Wednesday, October 16, 2013

Just do the work . . .

Most of my photographic life I've worked full-time, fitting in my photography and writing wherever I could. Being a morning person, I would get up extra early to do my work. As a result, I wrote guidebooks, published newsletters, led photography workshops, marketed and sold my photos.

I am lucky enough to not have to work full-time now, but I still get up early and cherish those few hours when the house is still (not that it's ever loud), and I feel free to just play with my photos.

Lately I've been reading Ray Bradbury's Zen in the Art of Writing, and yesterday I read where between the ages of 24 and 36 his routine was to sit down at his desk every morning and just write the words that were in his head, no matter what they were. The result was a book called Dandelion Wine.

I've taken a similar path these days where each morning I go into my photographs, choose a directory, pick a photo, and see what I can do with it. There's no pre-planning. I just see what I have and go with it.
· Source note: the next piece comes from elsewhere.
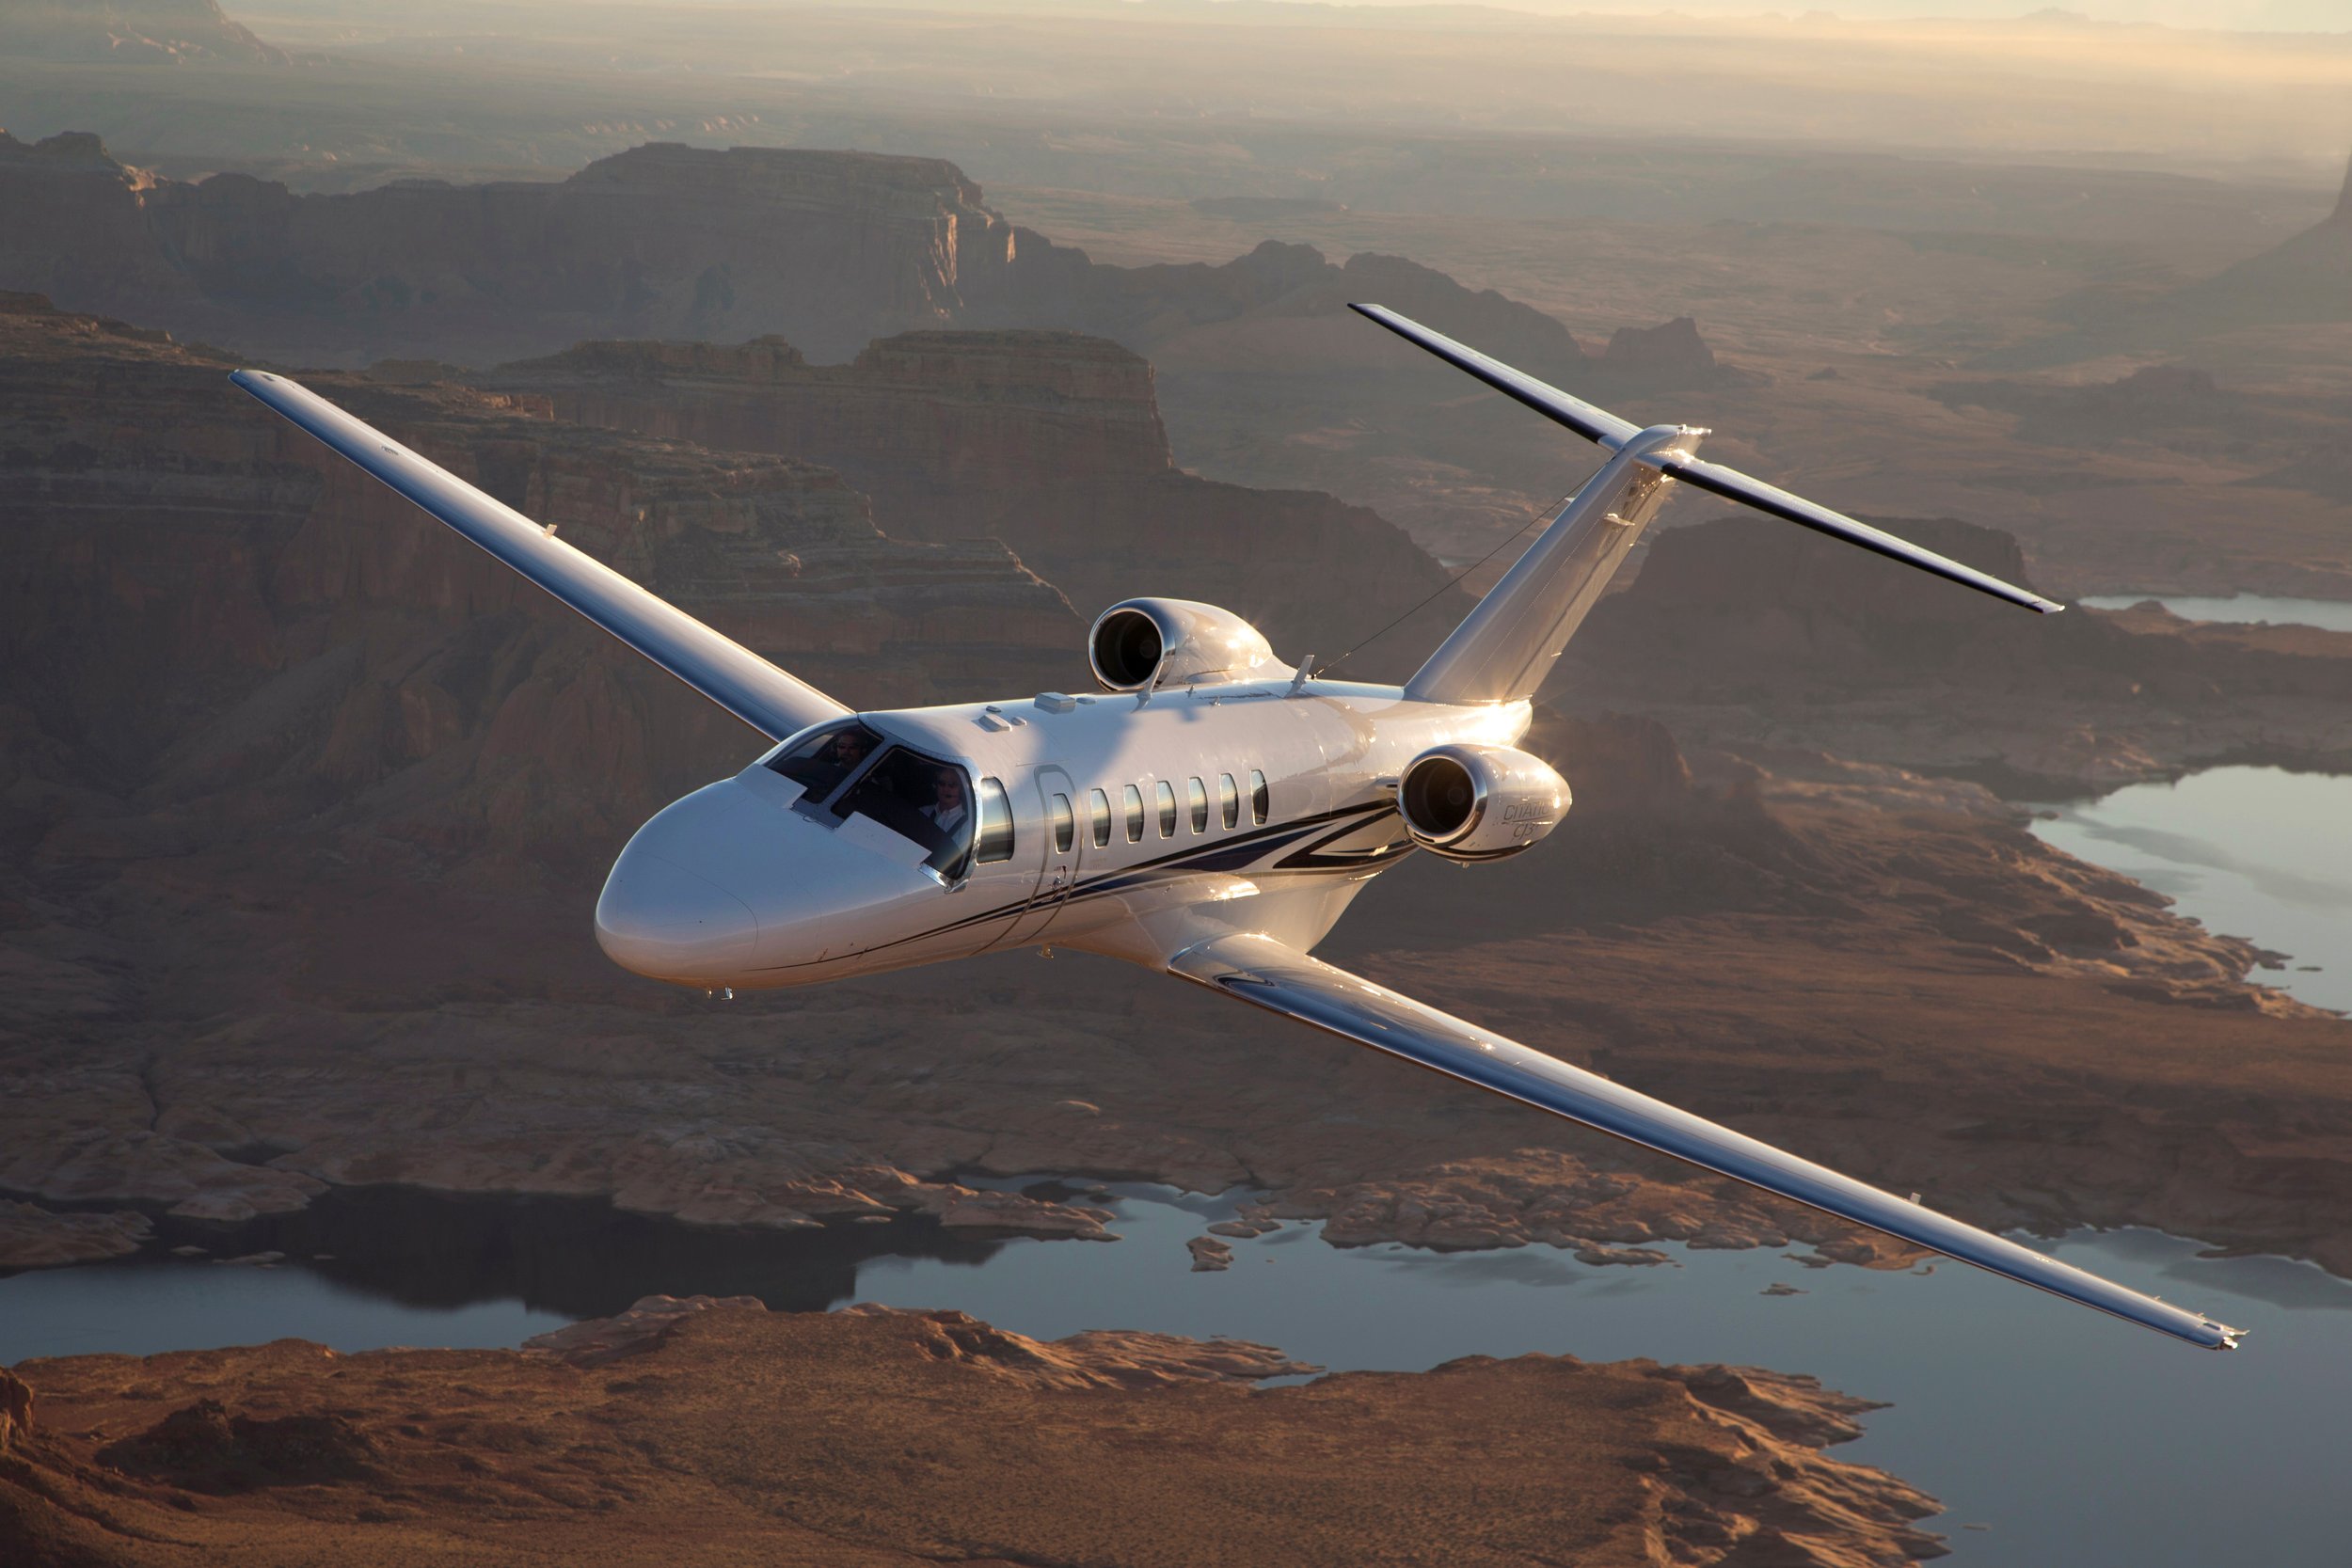   The CESSNA CITATION CJ3 jet delivers superior productivity and comfort  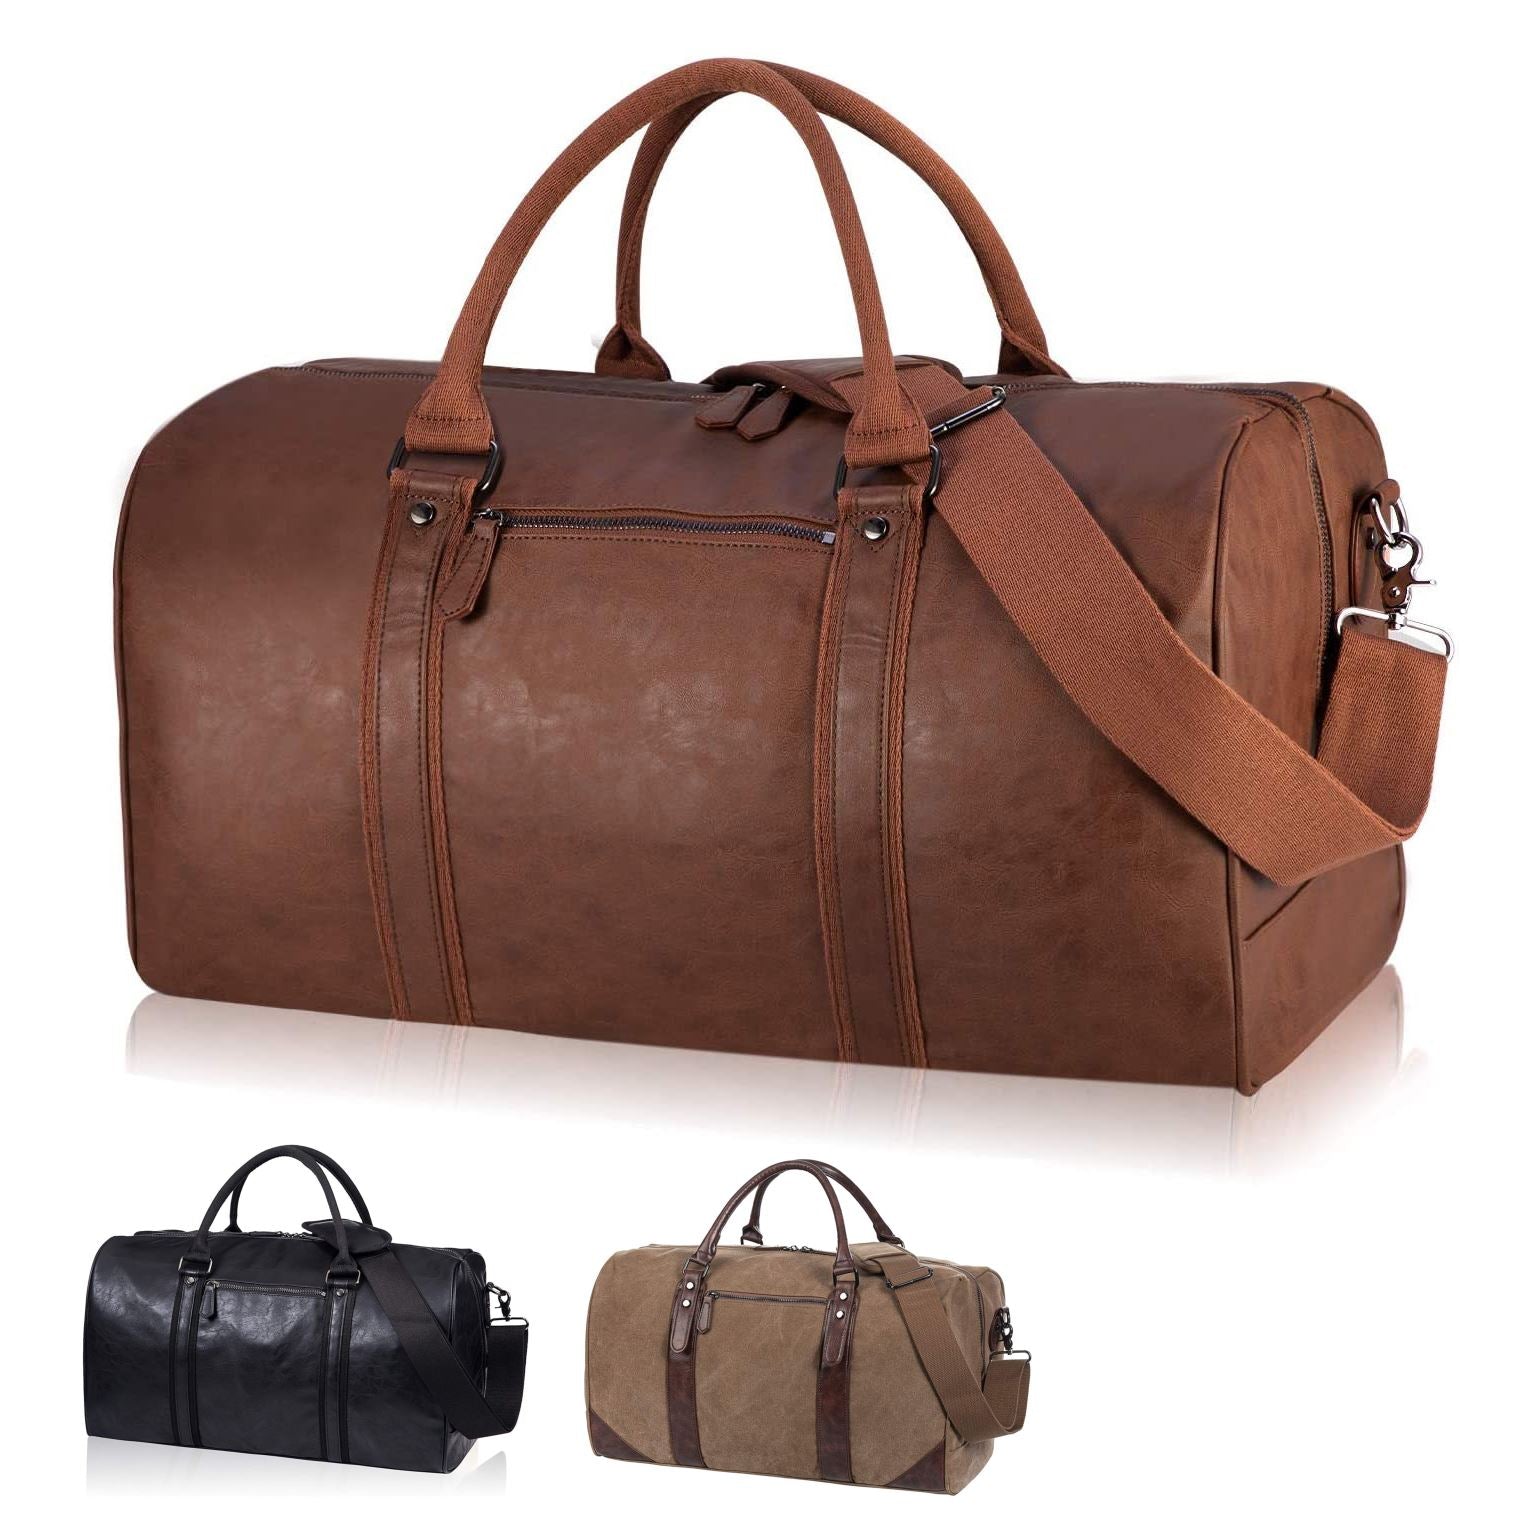 SYFashion™ Men's Vintage Leather 52L Oversized Travel Gym Duffle Weekend Bag Duffle Travel Bag SYFashion™ Brown

The directory might be a grouping of texture photos that are all paint. Or it might be a directory called "San Juan Capistrano." It doesn't matter. I just click a directory, see what's there.

Today it was a directory called "mustard," and contained photos I'd taken in the Napa Valley a couple years ago of a mustard field. The photos are horrid. I should just throw them away. I was there in the late morning hours, the lighting was flat, and I was uninspired. Just before we left that scene, I wandered down the road and took a photo of a bare tree. How it got left in the "mustard" directory, I don't know, but this morning that tree photo appealed to me.

And that was the beginning of this picture. I tweaked the tree, added this and that, removed things, added more, and came up with this. It's unlike anything I've yet created, and I think that's why I like it. I like the warm feeling, the autumnal vibe, the weirdness, the starkness. And it's new! It surprised me. And I always like surprises in my art.

What's my point? My point is that if you just do the work, -- even if it's just a few minutes, a few hours -- on a daily basis, good things will happen. Just get up and do the work.